* [Aim of the task]
Could you reproduce, exactly as written, every line from the one containing "SHOC Zero G" through the last line of the records, and nothing else?

• • • • • • •

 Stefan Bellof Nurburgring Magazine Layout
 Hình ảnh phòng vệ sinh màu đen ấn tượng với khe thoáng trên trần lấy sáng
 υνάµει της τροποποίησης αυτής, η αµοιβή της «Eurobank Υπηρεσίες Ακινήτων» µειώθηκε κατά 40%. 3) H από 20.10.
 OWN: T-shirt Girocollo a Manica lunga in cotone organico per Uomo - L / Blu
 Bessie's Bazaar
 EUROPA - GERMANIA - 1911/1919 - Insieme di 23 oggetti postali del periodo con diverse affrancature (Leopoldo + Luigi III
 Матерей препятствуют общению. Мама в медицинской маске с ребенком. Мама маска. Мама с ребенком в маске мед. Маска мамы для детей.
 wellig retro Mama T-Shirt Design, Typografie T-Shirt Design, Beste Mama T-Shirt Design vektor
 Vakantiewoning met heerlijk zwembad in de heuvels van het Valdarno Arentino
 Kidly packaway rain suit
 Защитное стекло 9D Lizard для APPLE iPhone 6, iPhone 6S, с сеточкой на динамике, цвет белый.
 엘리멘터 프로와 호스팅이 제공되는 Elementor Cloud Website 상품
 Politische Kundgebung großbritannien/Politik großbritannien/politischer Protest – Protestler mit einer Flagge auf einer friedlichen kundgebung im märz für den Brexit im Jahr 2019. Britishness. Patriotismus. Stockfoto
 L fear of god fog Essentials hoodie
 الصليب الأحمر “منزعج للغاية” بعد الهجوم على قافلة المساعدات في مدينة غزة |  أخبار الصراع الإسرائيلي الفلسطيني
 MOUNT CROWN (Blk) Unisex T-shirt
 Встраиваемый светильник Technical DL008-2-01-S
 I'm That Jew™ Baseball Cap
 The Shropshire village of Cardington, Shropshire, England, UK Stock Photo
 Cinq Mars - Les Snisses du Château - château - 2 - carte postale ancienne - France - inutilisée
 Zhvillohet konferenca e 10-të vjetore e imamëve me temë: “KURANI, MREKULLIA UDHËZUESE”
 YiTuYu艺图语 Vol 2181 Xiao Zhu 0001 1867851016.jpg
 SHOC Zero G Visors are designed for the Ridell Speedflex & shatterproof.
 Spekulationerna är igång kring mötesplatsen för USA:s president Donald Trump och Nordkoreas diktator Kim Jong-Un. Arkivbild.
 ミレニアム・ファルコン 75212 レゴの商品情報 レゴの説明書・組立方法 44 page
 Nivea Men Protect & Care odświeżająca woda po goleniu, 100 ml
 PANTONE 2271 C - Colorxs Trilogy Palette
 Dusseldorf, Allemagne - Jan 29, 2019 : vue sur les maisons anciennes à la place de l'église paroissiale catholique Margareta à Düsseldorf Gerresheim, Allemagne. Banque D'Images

• • • • • • •

* [Output below]
 SHOC Zero G Visors are designed for the Ridell Speedflex & shatterproof.
 Spekulationerna är igång kring mötesplatsen för USA:s president Donald Trump och Nordkoreas diktator Kim Jong-Un. Arkivbild.
 ミレニアム・ファルコン 75212 レゴの商品情報 レゴの説明書・組立方法 44 page
 Nivea Men Protect & Care odświeżająca woda po goleniu, 100 ml
 PANTONE 2271 C - Colorxs Trilogy Palette
 Dusseldorf, Allemagne - Jan 29, 2019 : vue sur les maisons anciennes à la place de l'église paroissiale catholique Margareta à Düsseldorf Gerresheim, Allemagne. Banque D'Images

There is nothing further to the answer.